→ Supplied records:
------------------------------------------------------------------------

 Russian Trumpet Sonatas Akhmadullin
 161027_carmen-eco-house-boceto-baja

------------------------------------------------------------------------

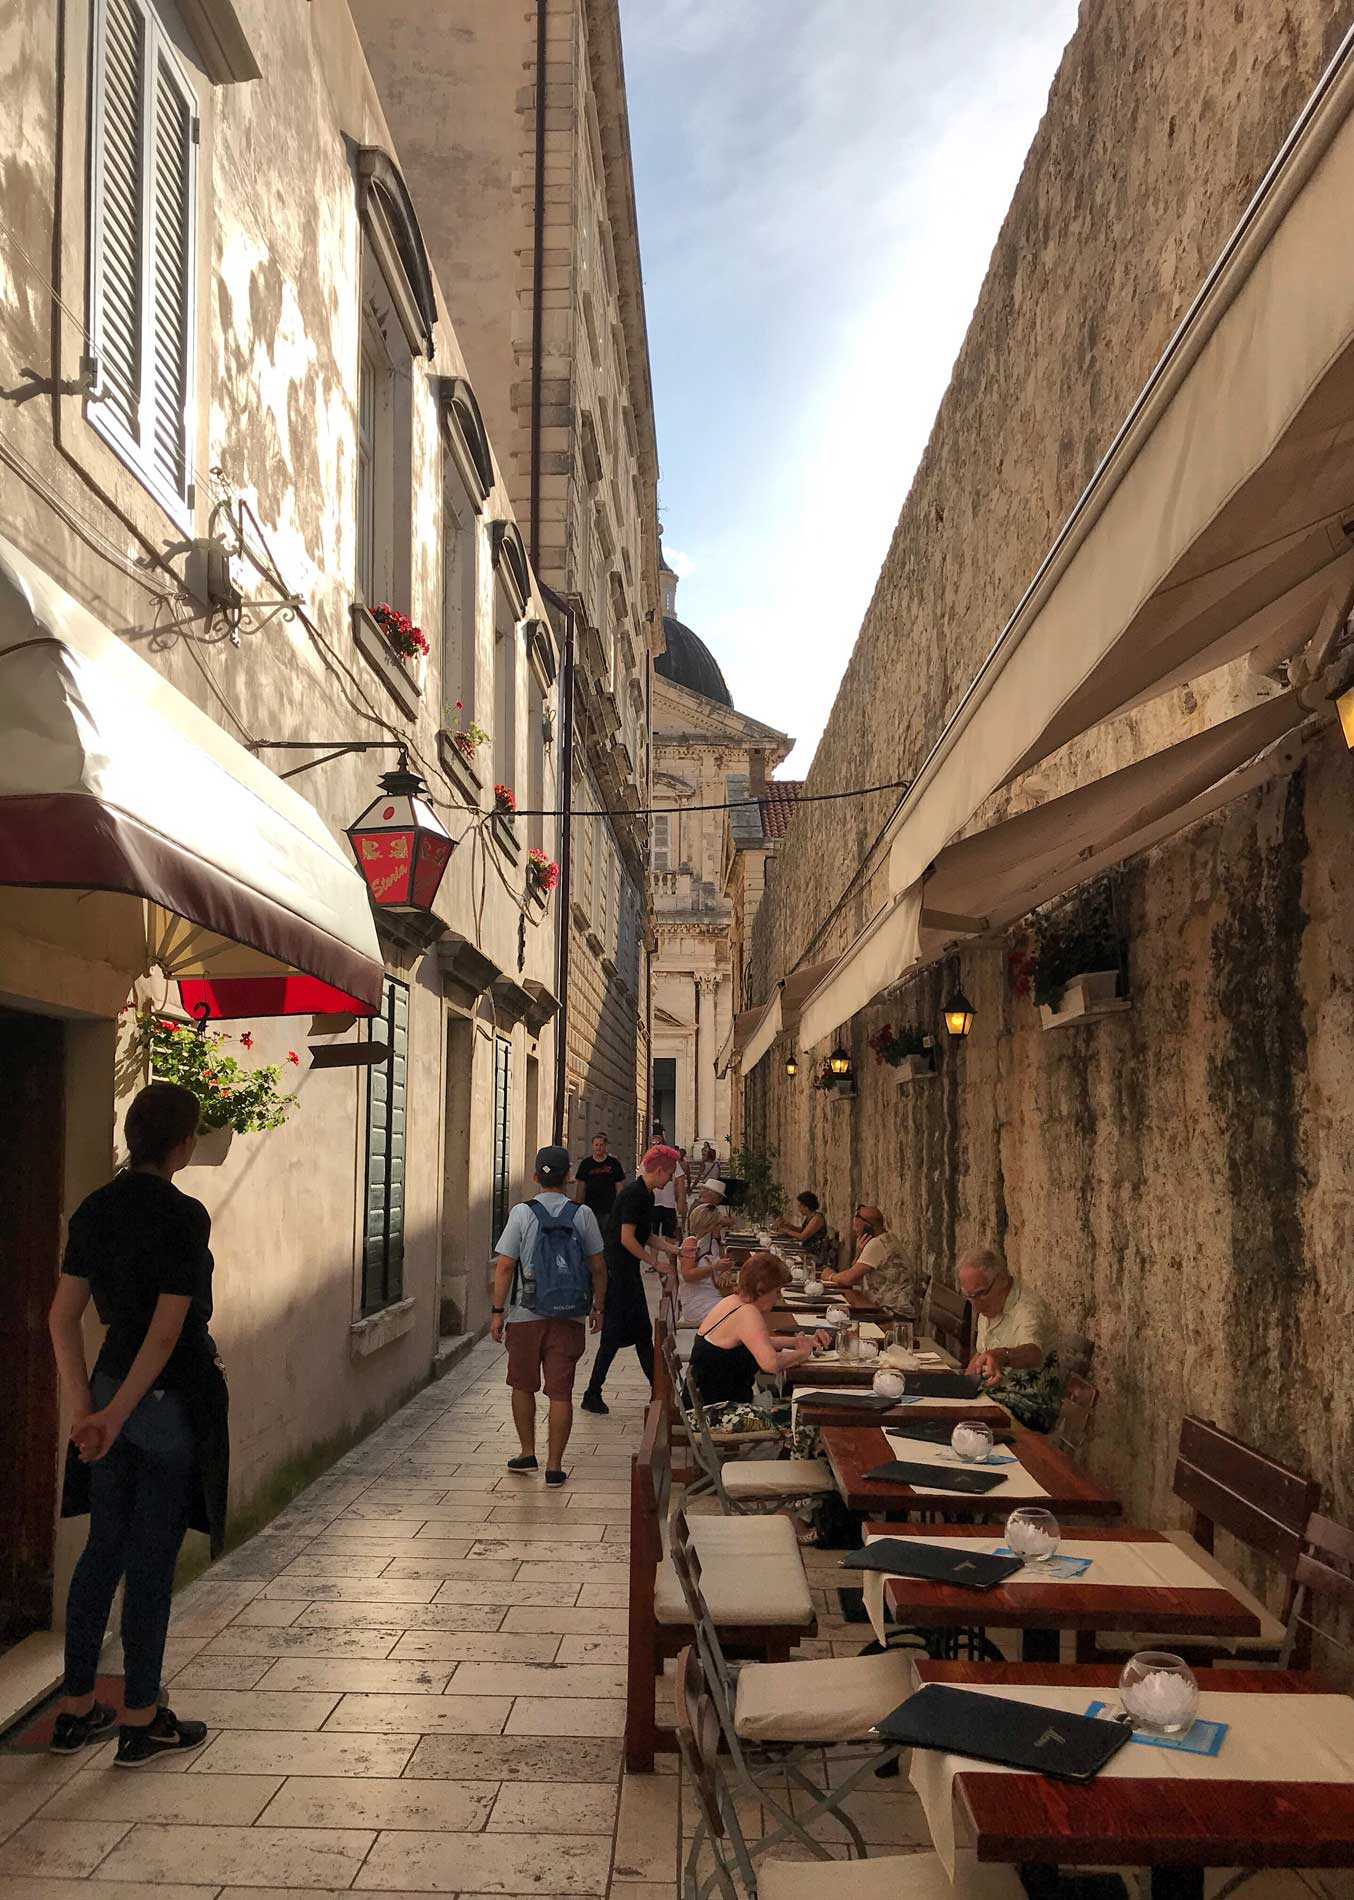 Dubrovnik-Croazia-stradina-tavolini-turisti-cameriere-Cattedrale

------------------------------------------------------------------------

→ What to produce: From the entries above, restate word for word the lines from the line containing "Russian Trumpet Sonatas Akhmadullin" to the line containing "161027_carmen-eco-house-boceto-baja", both ends included, and nothing more.

→ Reply to the task:
 Russian Trumpet Sonatas Akhmadullin
 161027_carmen-eco-house-boceto-baja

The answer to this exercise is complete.